結婚がテレビのワイドショーで取り上げられたときに、梅沢冨美男さんが発したコメントも大人の思いやりにあふれていました。はじめて出会ったときに相手に家族がいたことで、ふたりの結婚について、一部では「略奪婚では?」という言われ方もしています。前の奥さんにしつこく取材をした媒体もあったようです。しかし、当人同士がきっとさんざん悩んだり迷ったりして選んだ道だし、長い年月を経てたどり着いた道ですから、野次馬がとやかく言うことではありません。下世話な方向に興味をふくらませずに、あたたかい気持ちで祝福するのが、野次馬としての望ましい矜持と言えるでしょう。

 

梅沢さんは、そんなもろもろの思いを全部込めて、ふたりの結婚を「まあ、時空を超えた愛だな」と表現します。たまたまテレビを見ていた阿川さんは「本当に嬉しかった」と感じ、梅沢さんのひと言で場が和み、スタジオの出演者が笑うしかなくなった様子を見て感激。「梅沢さんにはもはや足を向けて寝られません!」と書いています。梅沢さんも60代。
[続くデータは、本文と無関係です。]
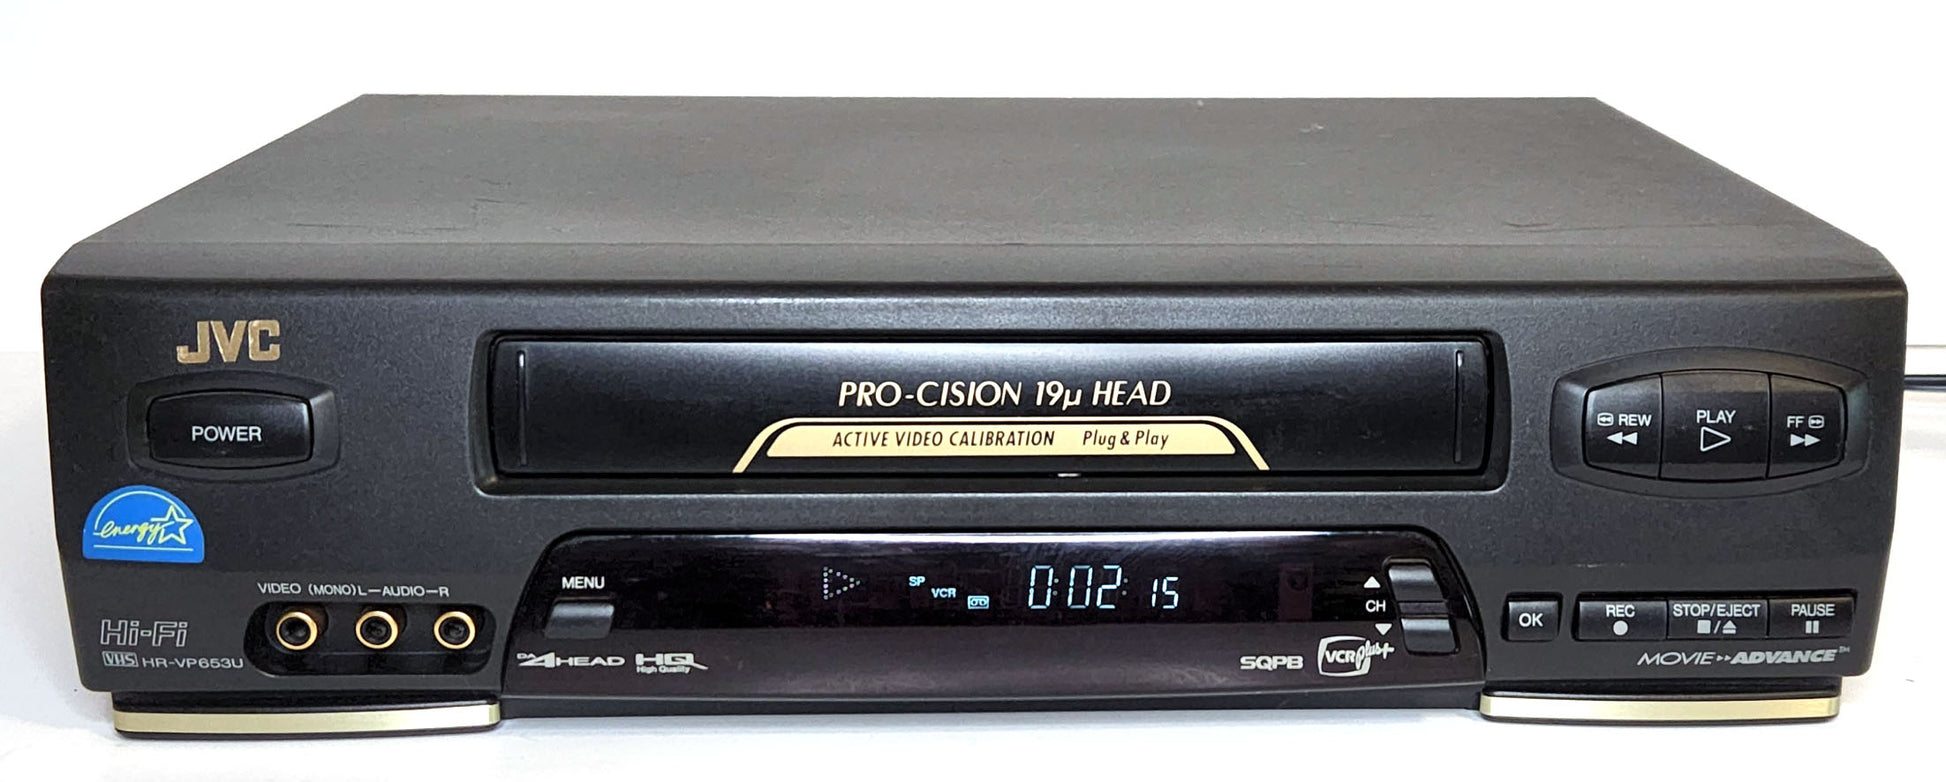 JVC HR-VP653U VCR, 4-Head Hi-Fi Stereo - Front

同年代同士ならではの大人のやさしさが発揮されたエピソードです。

 

手記はこう結ばれています。「もし街中で、私たち二人が手を取って歩いている姿を見つけたとしても、『よ、新婚め!』とからかわないでくださいませ。手を繋いでいるのは、時空を超えた愛ゆえ、すなわち、互いに転ばないためなのですから」。時空を超えた愛だけでなく、時空を重ねた愛の場合も、時空をさ迷っている愛の場合も、互いに転ばないために支え合っていこうという気持ちはとても大切です。おふたりの末永い幸せを祈りつつ、我が身に置き換えて、パートナーと手を取り合うことの意味をあらためて考えてみましょう。